Material provided: Begin

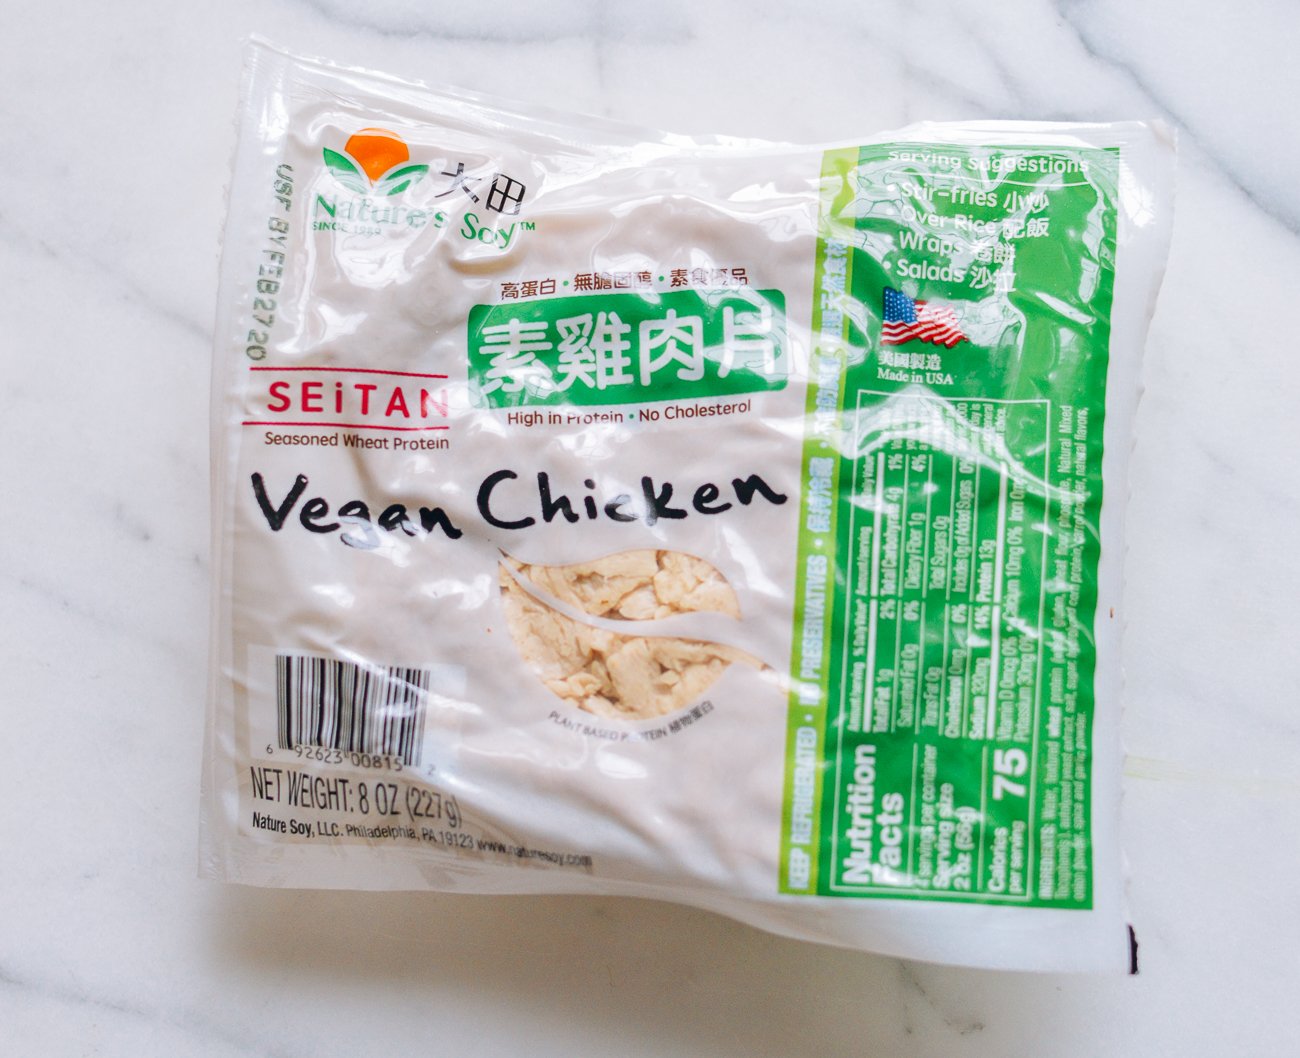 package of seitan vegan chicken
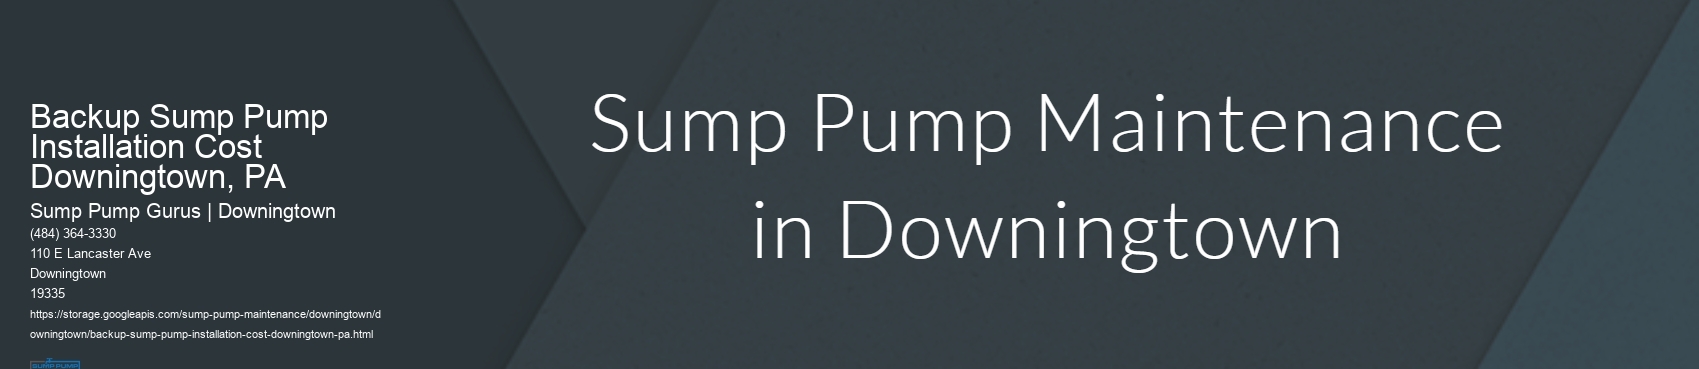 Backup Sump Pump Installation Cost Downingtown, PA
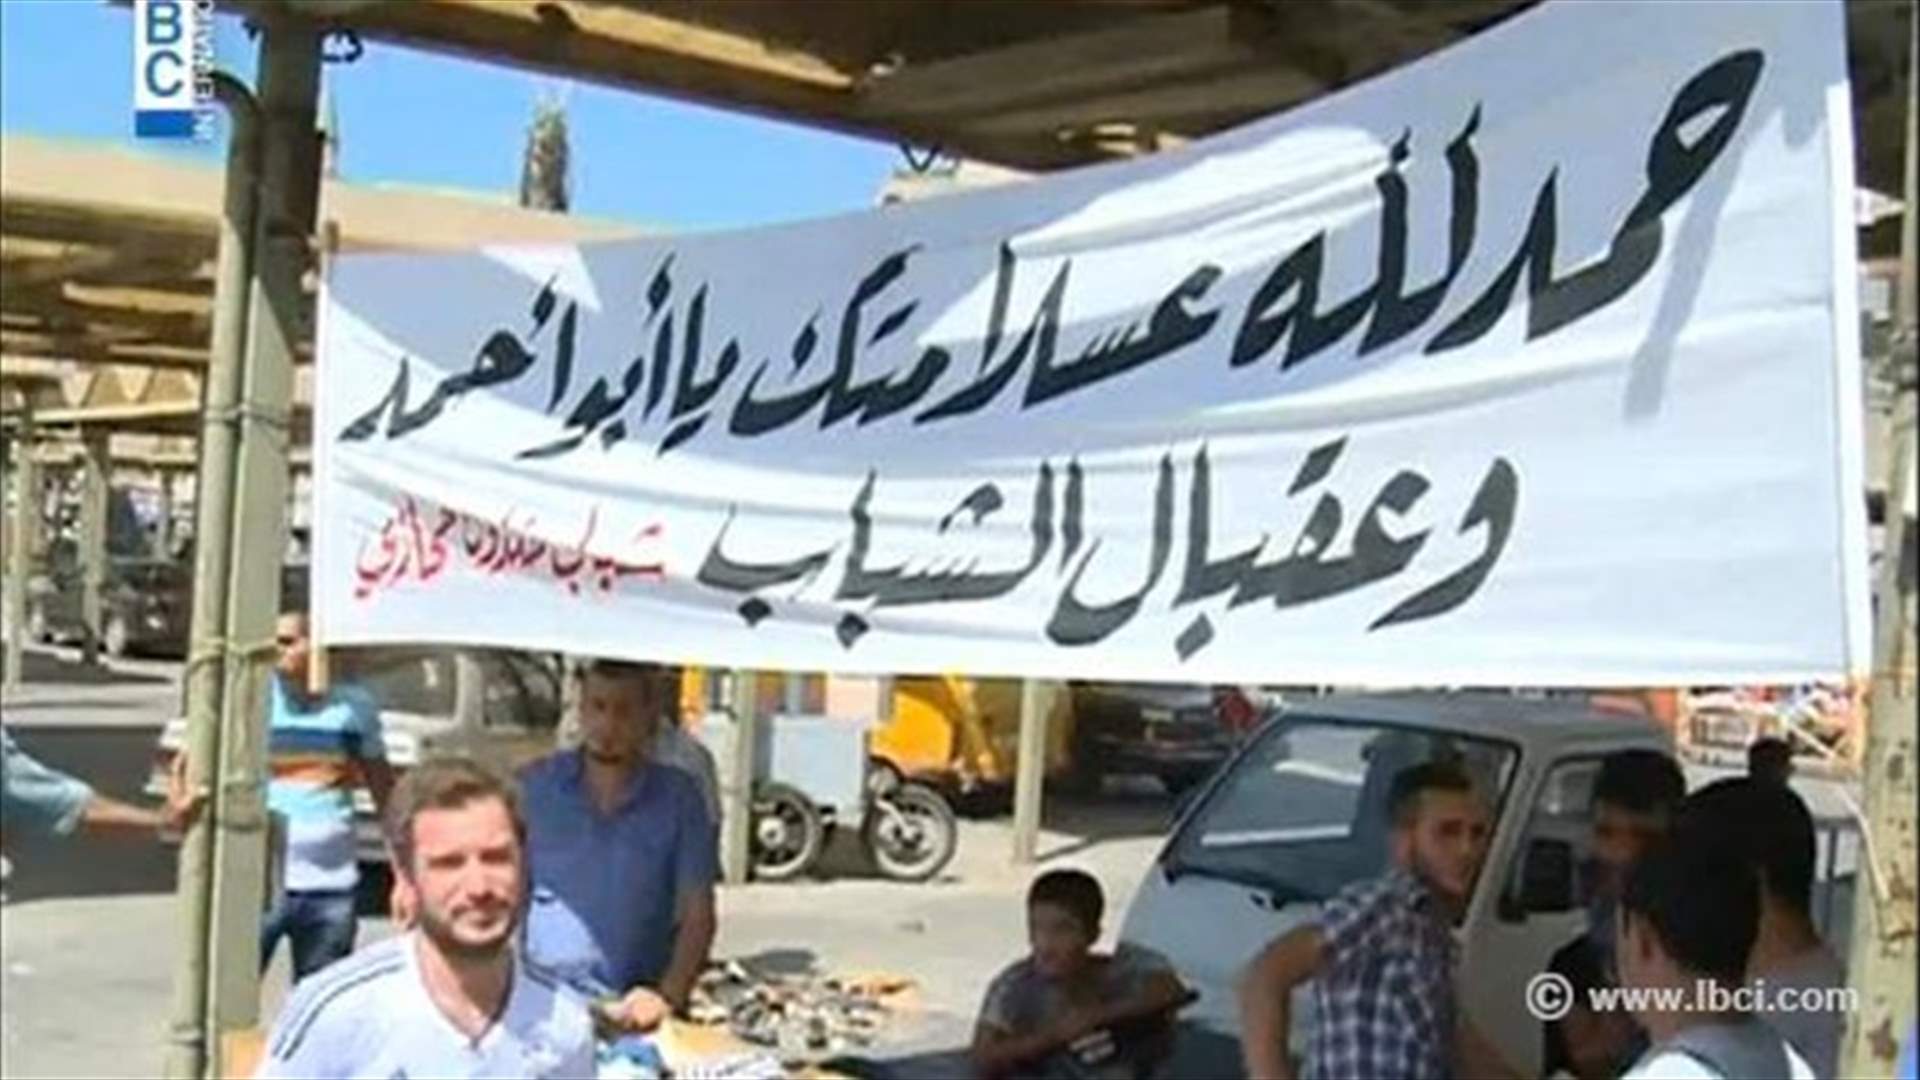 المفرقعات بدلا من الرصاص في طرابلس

Material provided: End

Work order = Give every line of the data above again as it stands; the pictures stay out.

Answer box =
 package of seitan vegan chicken
 Backup Sump Pump Installation Cost Downingtown, PA
 المفرقعات بدلا من الرصاص في طرابلس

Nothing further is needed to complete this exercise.